*444Plaintiffs motion for a default judgment was properly denied since defendants proffered a reasonable excuse for the default and a meritorious defense to the action (see ICBC Broadcast Holdings-NY, Inc. v Prime Time Adv., Inc., 26 AD3d 239 [2006]). The evidence established that the parties were involved in settlement negotiations even after defendants’ extended time to answer the complaint had expired.
Plaintiffs first cause of action, alleging that the foreclosure notices were defective, was properly dismissed since the documentary evidence established that pursuant to UCC 9-611 (f) (3), defendants gave notice of the foreclosure in a “commercially reasonable manner,” and the statute requires only that reasonable steps be taken to notify the debtor of the foreclosure (see e.g. Thornton v Citibank, 226 AD2d 162 [1996], lv denied, 89 NY2d 805 [1996]). The foreclosure mailings were sent to plaintiff via certified mail, return receipt requested, and defendants’ use of the wrong zip code was insufficient to establish that service was inadequate, where the address itself was otherwise correct (see DeRosa v Chase Manhattan Mtge. Corp., 10 AD3d 317, 322 [2004]). Moreover, plaintiff acknowledged receipt of at least the first notice, her counsel acknowledged receipt of notices, and notices were published in a local newspaper for three consecutive weeks prior to the sale. Under UCC 9-608 (a) (1) (C), the foreclosure of the first security interest automatically extinguished the second security interest, which was the subordinate lien, and thus, a separate notice of foreclosure for the latter lien was not required.

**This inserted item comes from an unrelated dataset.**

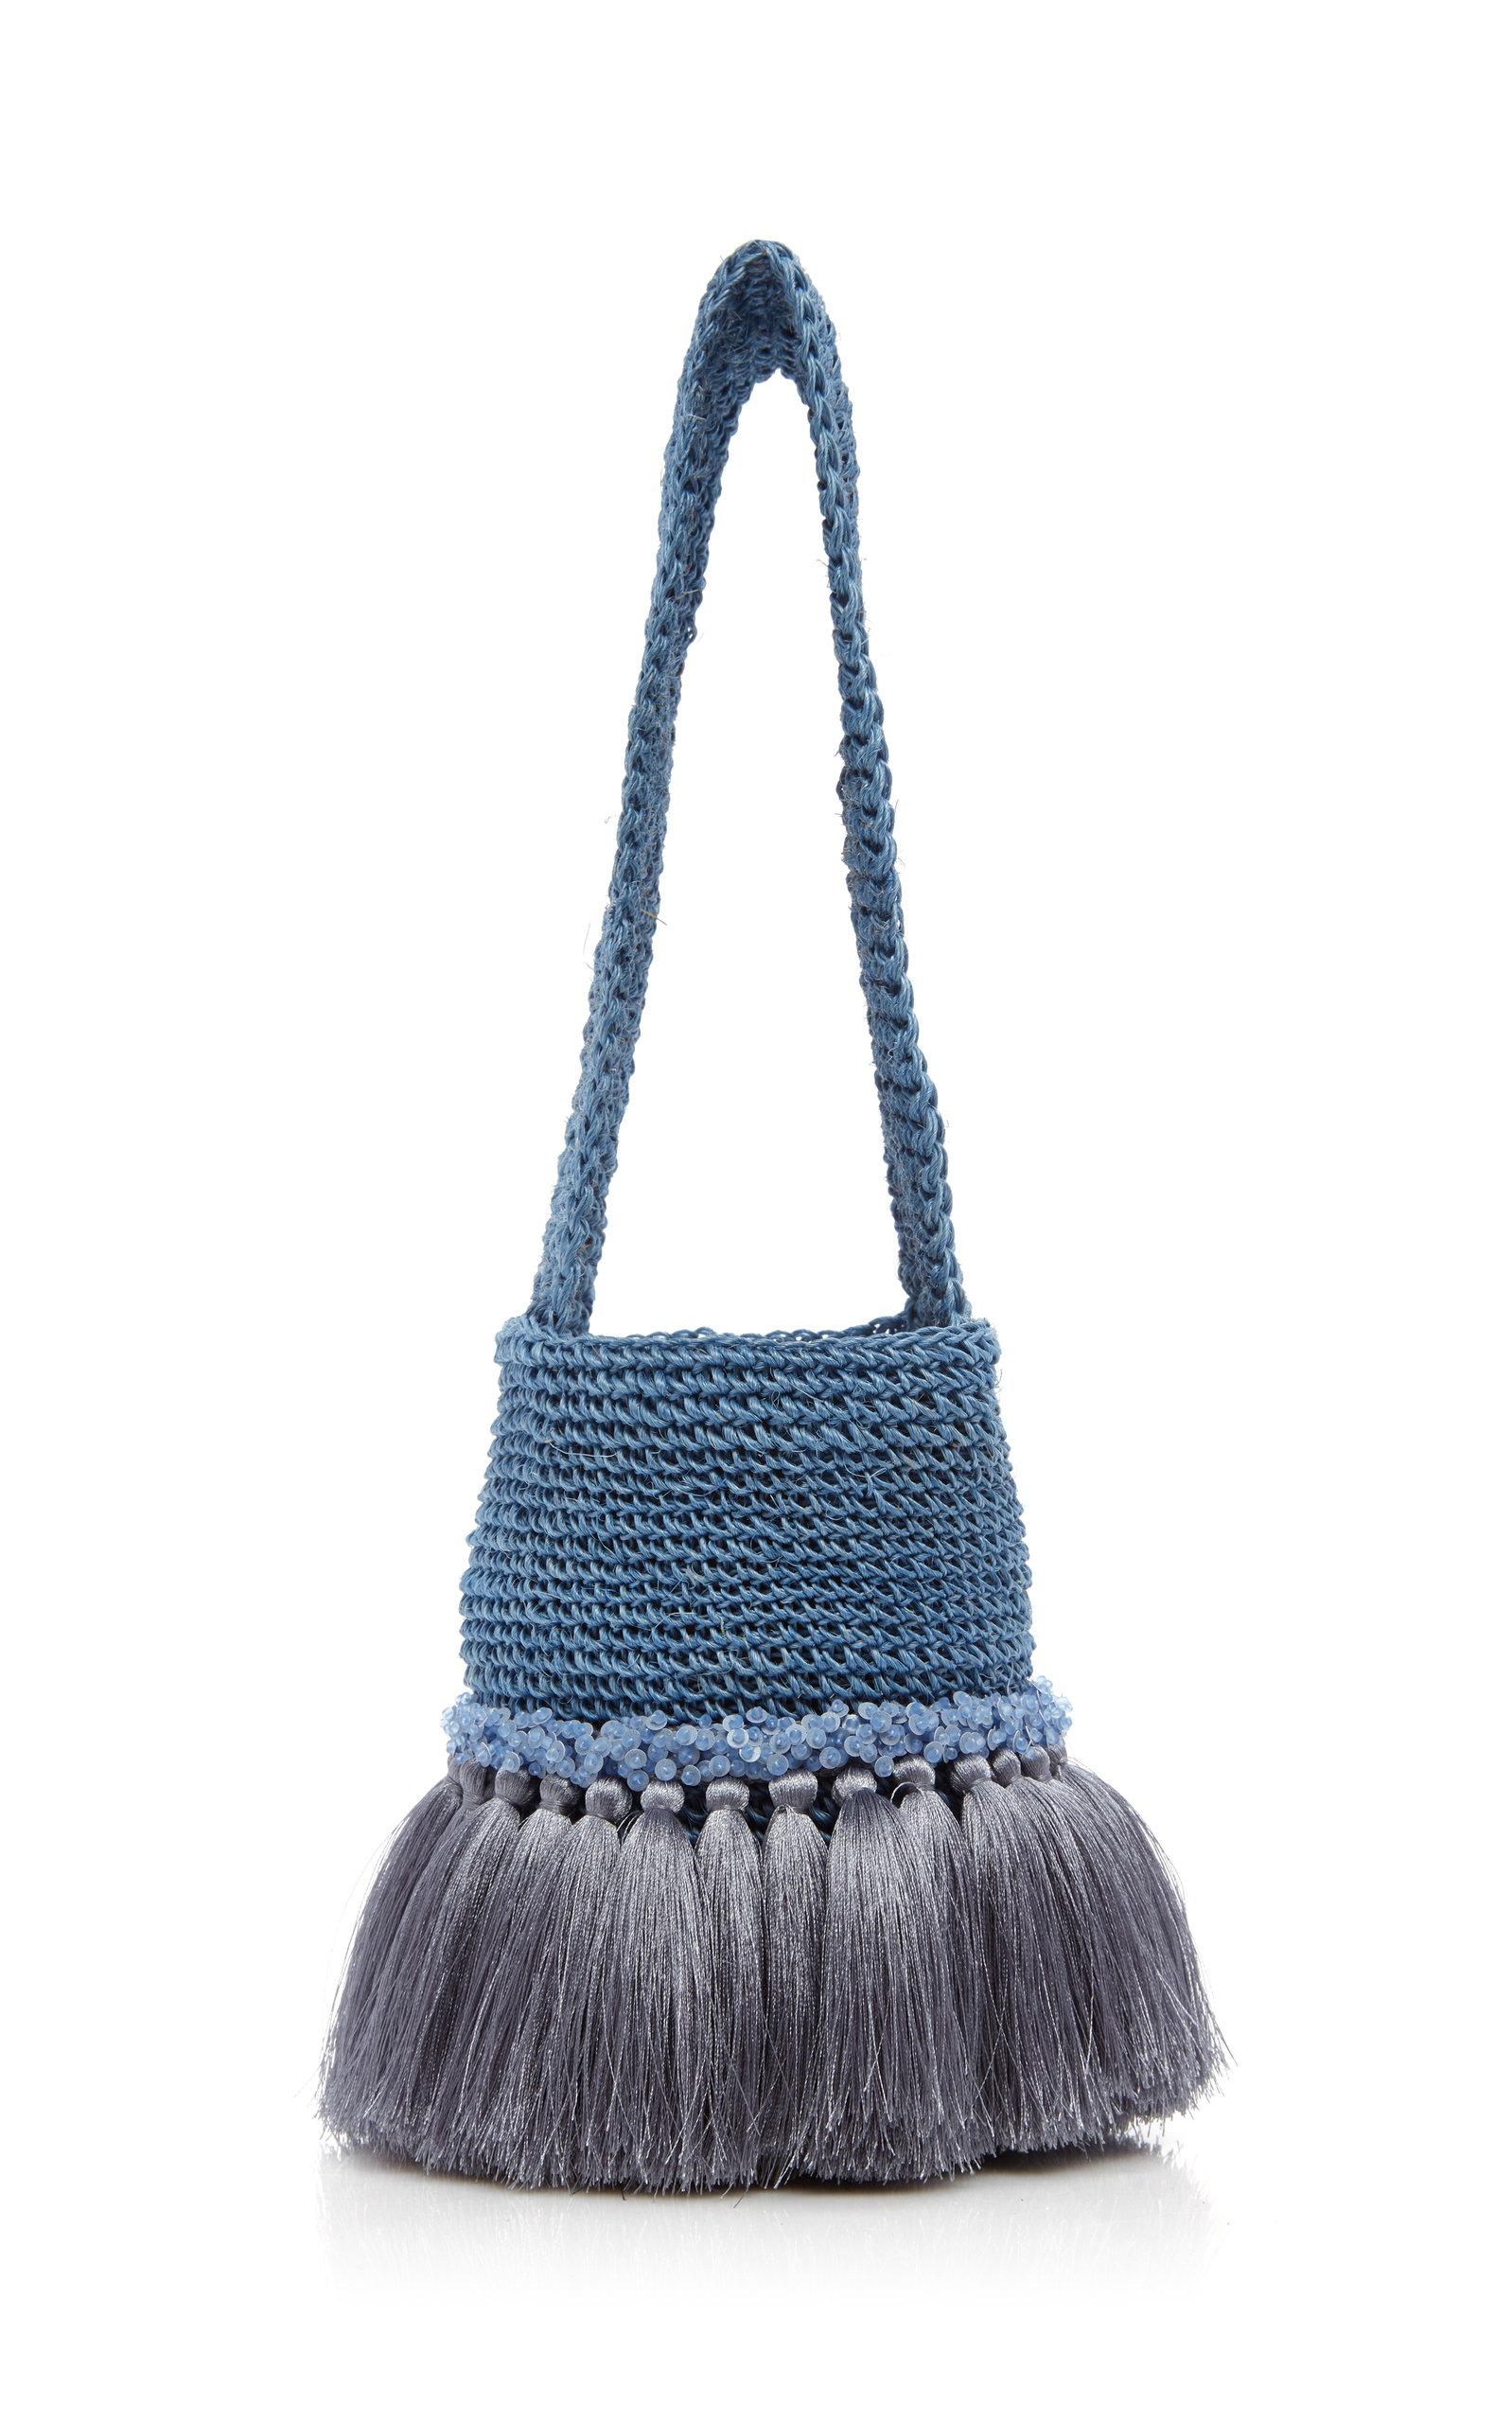 Little Paws Small Crochet Bucket Bag By Johanna Ortiz Moda Operandi

The second cause of action for fraudulent misrepresentation was properly dismissed, since “[t]here is no fiduciary duty . . . arising out of the contractual arm’s-length debtor and creditor legal relationship between a borrower and a bank” (FAB Indus. v BNY Fin. Corp., 252 AD2d 367 [1998]; see AJW Partners LLC v Itronics Inc. 68 AD3d 567, 568 [2009]).

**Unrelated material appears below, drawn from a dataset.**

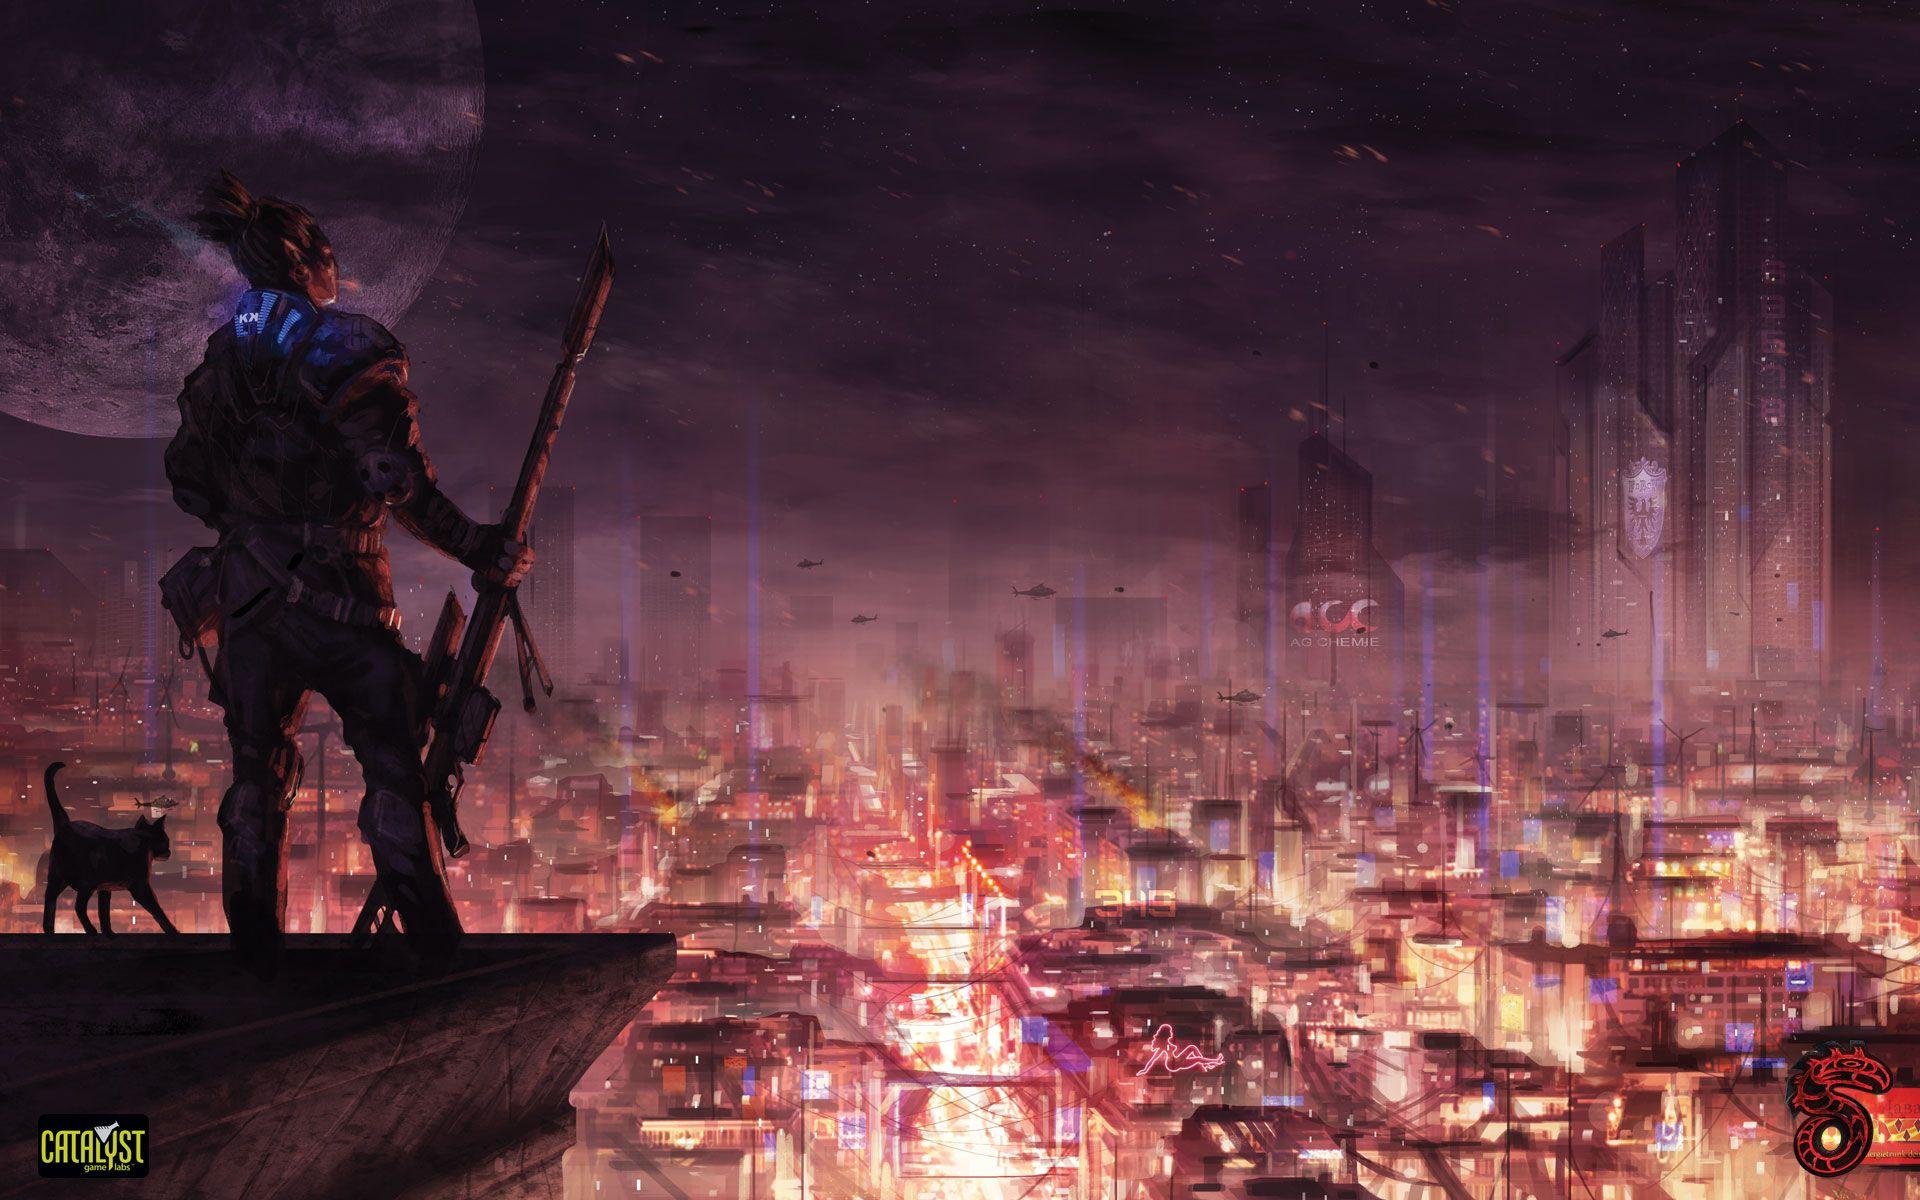 Wallpapers | Shadowrun 5 Overwatch | ART SCI-FI | Shadowrun

The third cause of action for negligent misrepresentation was properly dismissed, since it is predicated upon promises of future conduct, rather than statements as to “existing material fact” (see Capricorn Invs. III, L.P. v CoolBrands Intl., Inc., 66 AD3d 409, 409 [2009]; Margrove Inc. v Lincoln First Bank of Rochester, 54 AD2d 1105 [1976], appeal dismissed 40 NY2d 1092 [1977]).
Plaintiffs fourth and fifth causes of action were also properly *445dismissed, since the sale price of $187,000 represented 62% of the alleged market value, and, in any event, the sale was conducted in a commercially reasonable manner (see UCC 9-627 [b]; DeRosa v Chase Manhattan Mtge. Corp., 10 AD3d at 322).
The documentary evidence conclusively established a defense to plaintiffs sixth cause of action, alleging that defendants colluded to ensure that defendant Plotch would prevail as the winning bidder. Plaintiff attended the auction along with the purchaser she claimed was prepared to purchase the apartment; however, no bid was entered by either plaintiff or her purchaser.
We have considered plaintiffs remaining contentions and find them unavailing. Concur — Saxe, J.P., Sweeny, Moskowitz, Manzanet-Daniels and Román, JJ. [Prior Case History: 2010 NY Slip Op 31884(U).]